Brendan: To była decyzja Stewarta
Brendan Rodgers wypowiedział się w sprawie ostatniego transferu Stewarta Downinga do West Hamu United. Młoty zapłaciły za skrzydłowego 6 milionów funtów. 29-letni Anglik, który wcześniej odmówił opcji przeprowadzki na Upton Park, zdecydował się zmienić swą decyzję po szczerej rozmowie z menadżerem Liverpoolu, po której dowiedział się, że jego szanse na regularne występy w nowym sezonie mogą być mocno ograniczone.
Downing miał jeszcze przez 2 lata ważny kontrakt w klubie, na mocy którego zarabiał 80 tysięcy funtów tygodniowo.
Menadżer Liverpoolu zaprzeczył jakoby wypychał na siłę Stewarta z klubu. Dodał, że był to tylko i wyłącznie wybór jego podopiecznego.
– Ostateczną decyzję w tej sprawie podjął Stu. W jego sprawie nie musieliśmy podejmować pochopnych kroków, gdyż miał jeszcze przez 2 lata ważną umowę z Liverpoolem.
– Zawodnik otrzymał dobrą ofertę z West Hamu i zdecydował, że taki krok będzie w tym momencie dla niego najlepszą decyzją. Na początku naszej współpracy w klubie Stewart miał gorszy okres, ale mieliśmy zawsze świetny kontakt i Stu wykonywał ogromną pracę dla zespołu. Zdecydował, że odejdzie, ale był zawsze częścią moich idei, tu w Liverpoolu.
Andy Hunter
Komentarze (21)
Tylko, że facet najwyżej siedziałby na ławce i to nie zawsze, więc nie bardzo był sens, żeby tu zostawał.
Raczej mówi to co myśli i co jest w interesie Jego i klubu.
Czy był zawsze częścią jego idei nie wiem, postawił na Niego i pomógł powrócić do formy, więc kto wie, równie dobrze sprzedaż Stu mogłaby wynikać z inicjatywy zarządu, a nie Rodgersa, ale najłatwiej obsmarować trenera.
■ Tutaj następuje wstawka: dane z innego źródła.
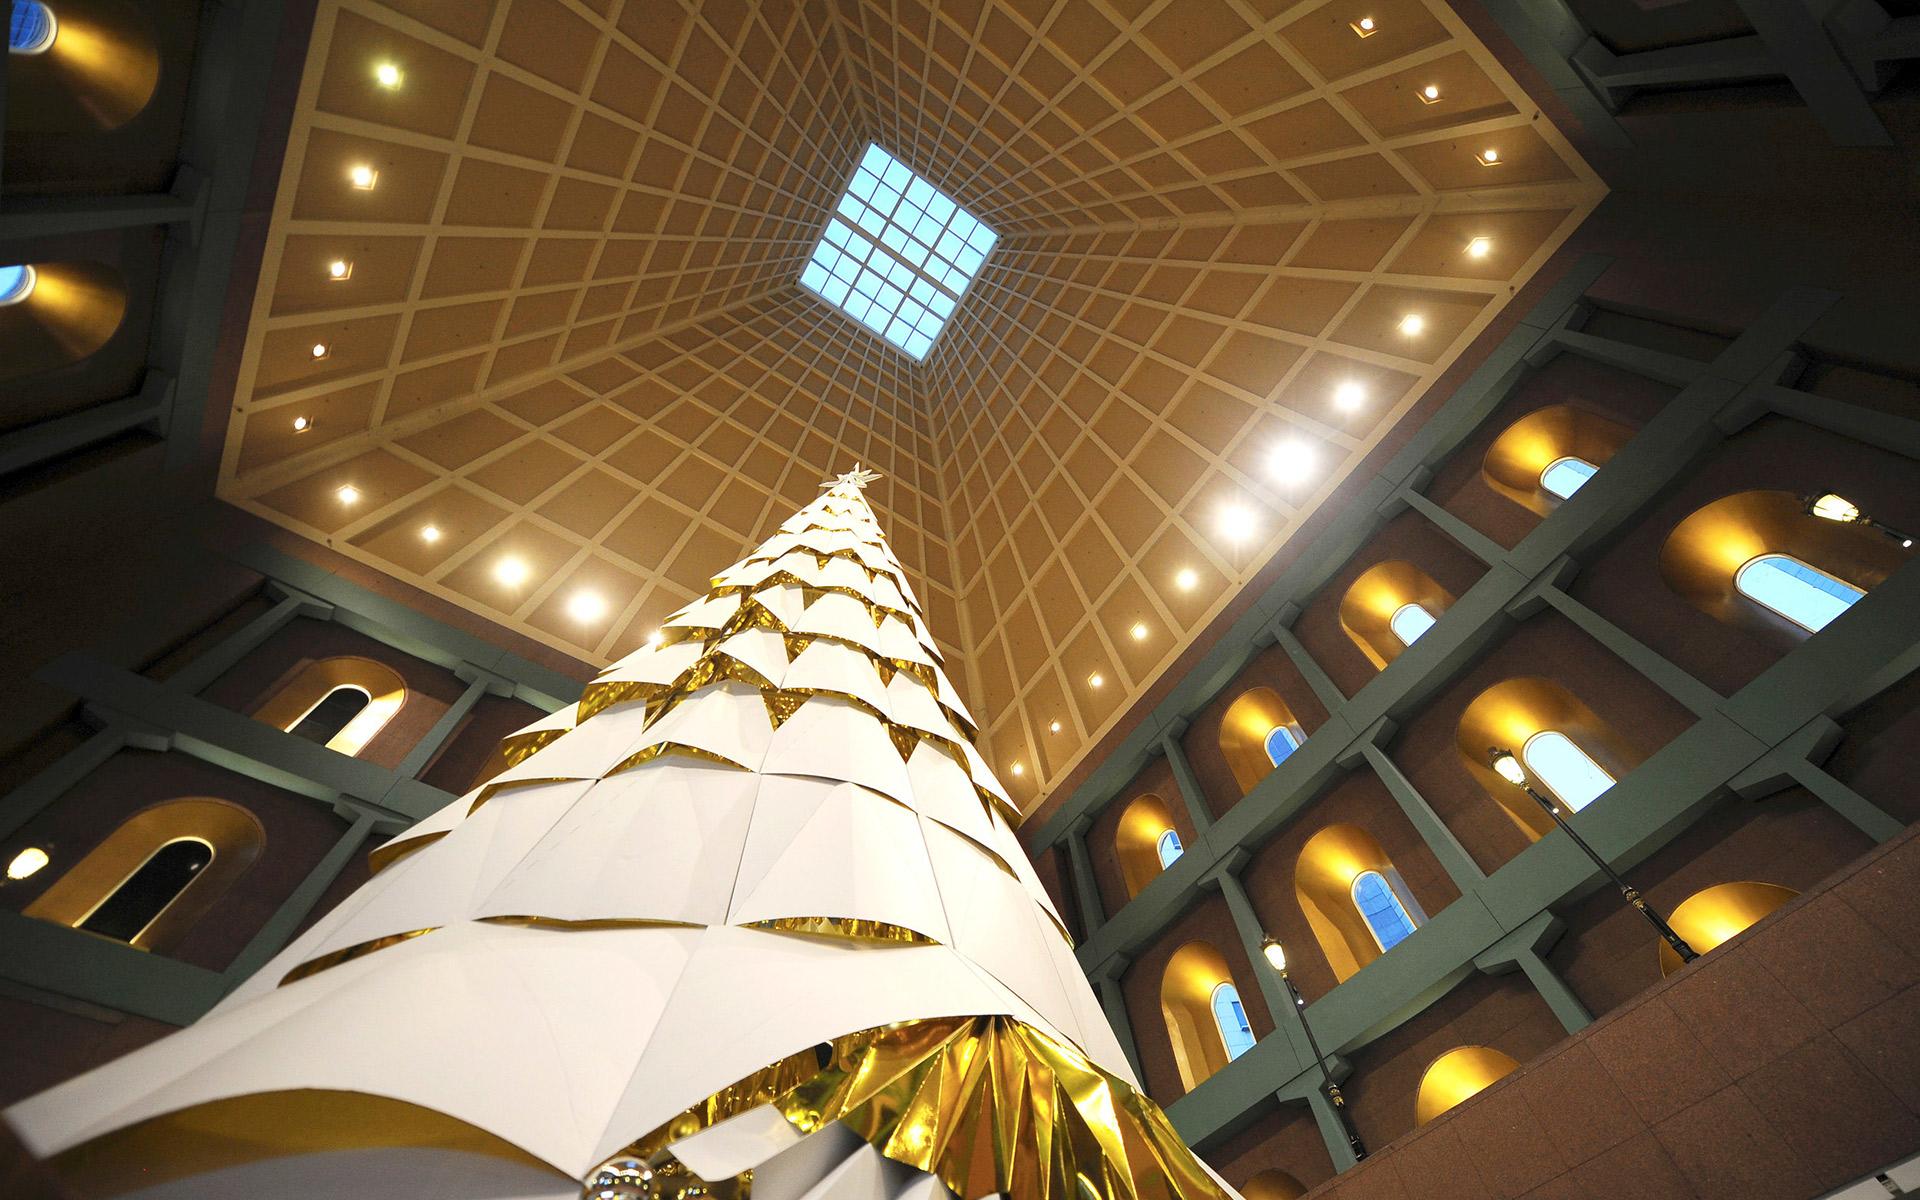 hoc-tree-skylight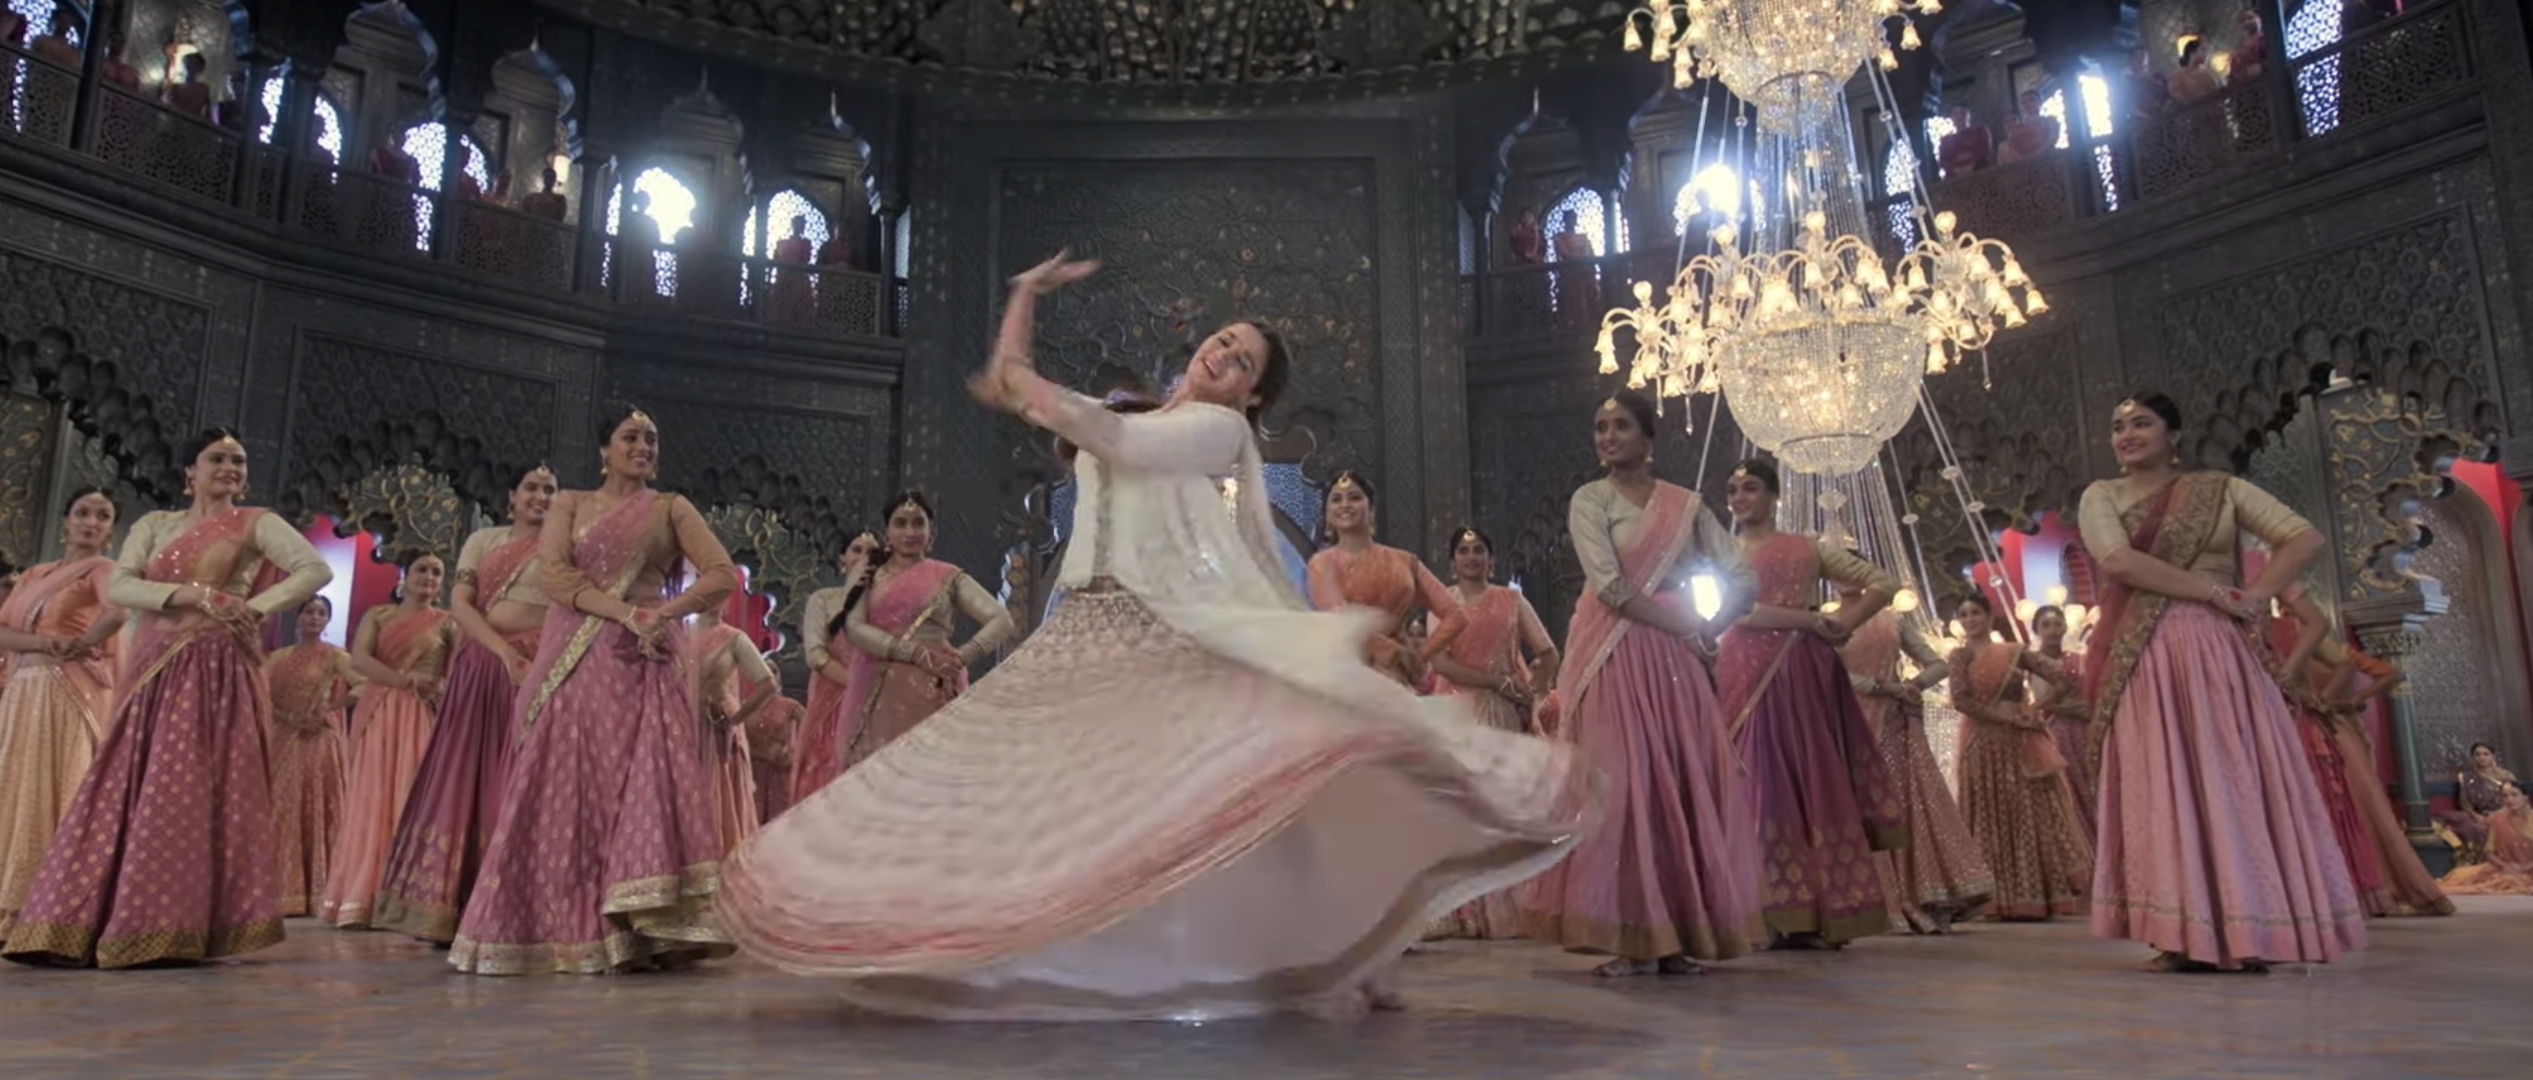 'Kalank' Song Review: 'Ghar More Pardesiya' Showcases Alia Bhatt's Dancing Chops

Reina nie musiał się zgadzać na wypożyczenie, klub nie musi pytać zawodnika czy może przyjąć za Niego ofertę, czyż nie?
Dalglish mówił, że Babel zostanie, Benitez mówił, że Keane zostanie ;)
Pewnie, ze Rodgersowi jako menedżerowi obrywa isę najbardziej, jednak nie tylko On jest odpowiedzialny za transfery, a jak wiemy klub chciał zredukować płace, a jak wiadomo najłatwiejszym celem stanie się rezerwowy bramkarz z gigantyczną pensją.
Chcieli Go sprzedać, nikt nie chciał kupić, Rodgers pieprzył wiec o rywalizacji, myślę z resztą, że On by wolał mieć i Reinę, i Mignoleta, ale cóż zarząd na to by nie pozwolił.
Przede wszystkim popełniono błąd kupując Stewarta Downinga za tak wielkie pieniądze i dawanie mu tak wielkiej tygodniówki, facet nie odgrywałby większej roli w zespole, a zarabia tyle co wicekapitan, więcej od Niego dostają chyba tylko Suarez, Gerrard i Skrtel. Jak dla mnie to bardziej ruchy zarządu niż Rodgersa.
Oczywiście, że nikt Downingowi ręki nie wykręcał, ale wiadomo było wszem i wobec, że Rodgers go nie chce. Za słaby, za wysoka tygodniówka, powodów było kilka, ale cytując klasyka, "ten człowiek w życiu słowa prawdy nie powiedział".